At the time, one of the photographers, a woman in her eighties, who died a year later, asked me if I would model nude for her. I couldn’t turn down her request because her enthusiasm for nudity was old-fashioned and innocent and because she was my elder. But the photo could not be included in the book that I was editing and she was in. That was our agreement. I went to her apartment in Upper Manhattan and we took the images with the help of her assistant. The lights were dark and she used a flashlight to illuminate the body, my body. Later, she would have to subject the photos to enormous powers of magnification to see what she had made. I saw the contraption in her bedroom- a beige machine- blowing up letters, mechanically engorging images with volume and light.
Metaphorically, these vestigal images that exist within the body of work but outside of the publication are a strange monstrosity– extra and excommunicated. Although the excised photos are almost eclipsed by what has been disseminated,they still lie in the dark of the editor’s head. They reorganize themselves: here is Victorine Floyd-Flood’s self-portrait- where her bony, dark-skinned face melts against a smear of dimly lit ancient and flower-patterned wallpaper. There is the image of me, stretched out, thin, white, and naked on a couch. My skin is glowing but the head appears severed from the body; a strip of darkness cuts across the throat.

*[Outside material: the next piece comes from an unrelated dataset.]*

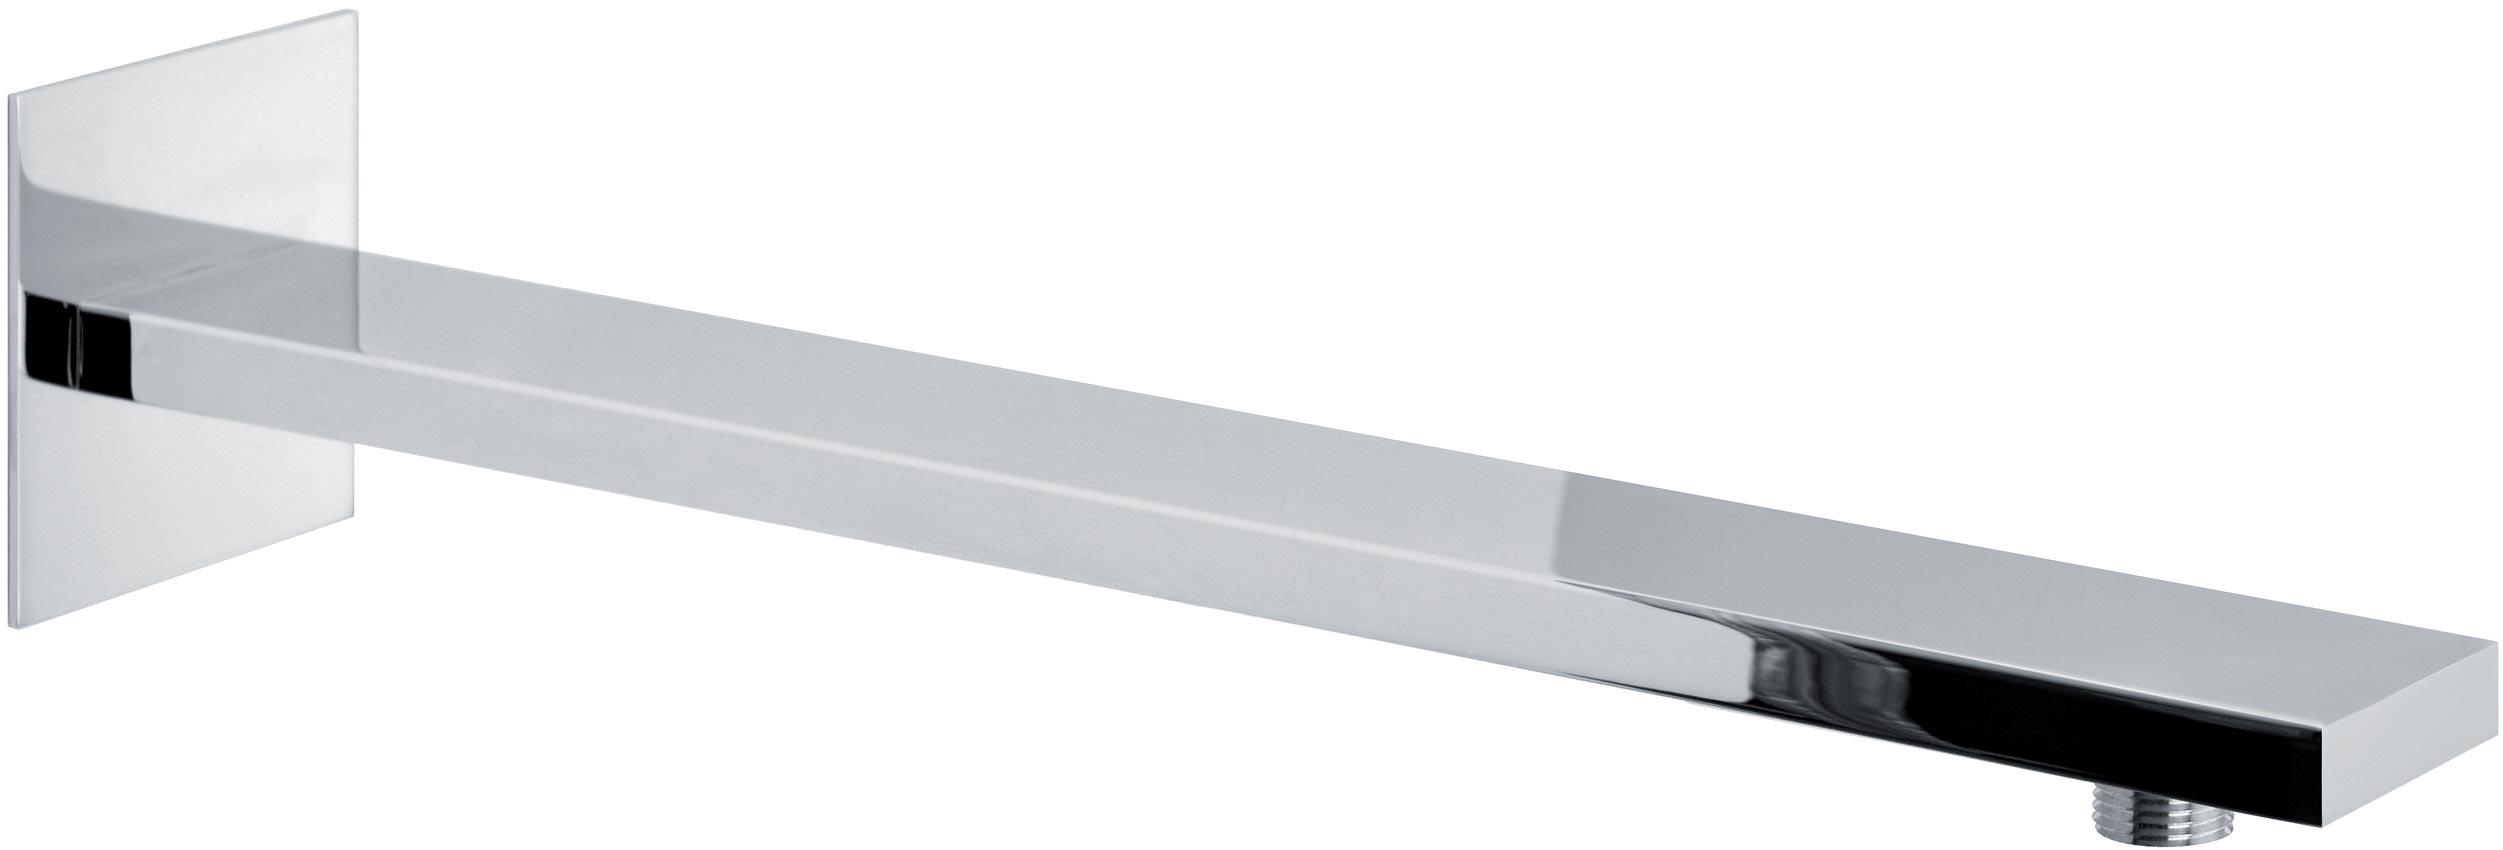 Delo - braccio doccia valencia - cod. 1405039

The book that was not a book.
These imaginary archives and manuscripts that only pose as book aren’t unmentionable or unheard of.
Marguerite Duras speaks of the night that is a book. Paul Gaugain continuously declares that his publication,“Avec et Apres” will not exist as the object you presume it to be: “This is not a book.”

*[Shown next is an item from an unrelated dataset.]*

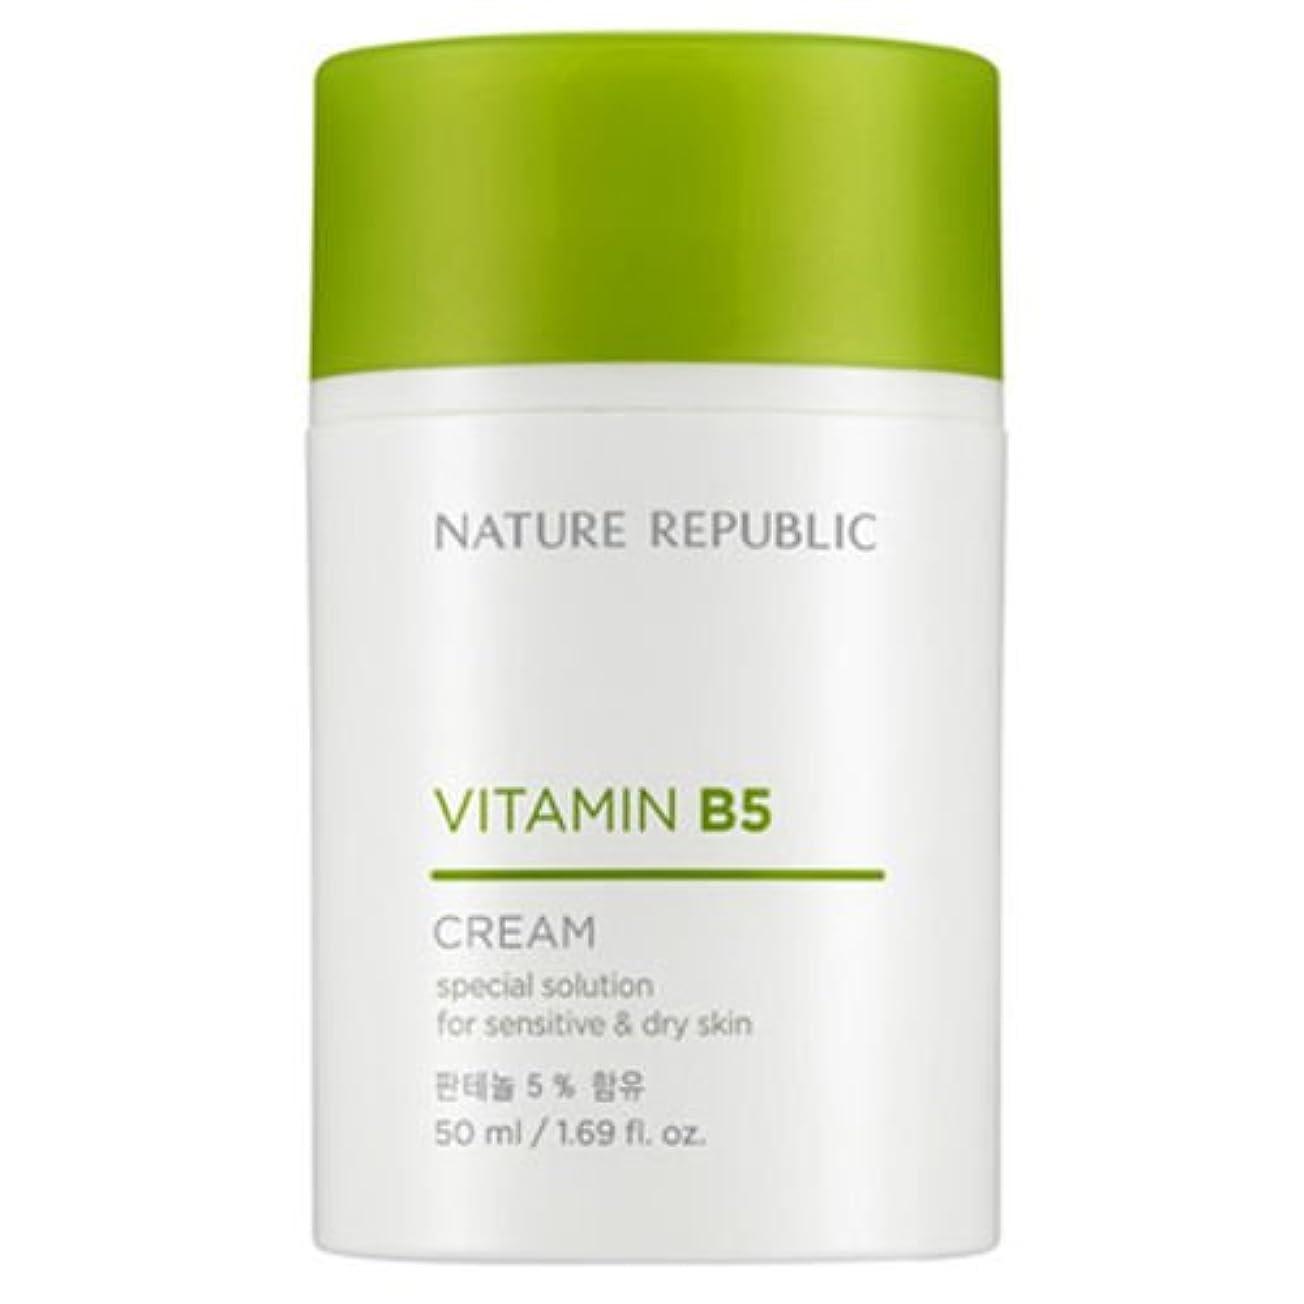 純粋に解放それに応じてNATURE REPUBLIC Vitamin B5 Series [並行輸入品] (Cream)

And it charms; that he tells us that what we hold in our hands cannot be. And these images also resist common assumptions of what cannot be – that interior vision wends its way to the surface- erupting in images that may be too baroque or sweet or hungry for our tastes. It can embarrass us – a book that is weird and light-pocked and personalized. Although, I’m glad this book does not align itself with the current ‘cool’, I also long for the other book- unsupportable, unpublished.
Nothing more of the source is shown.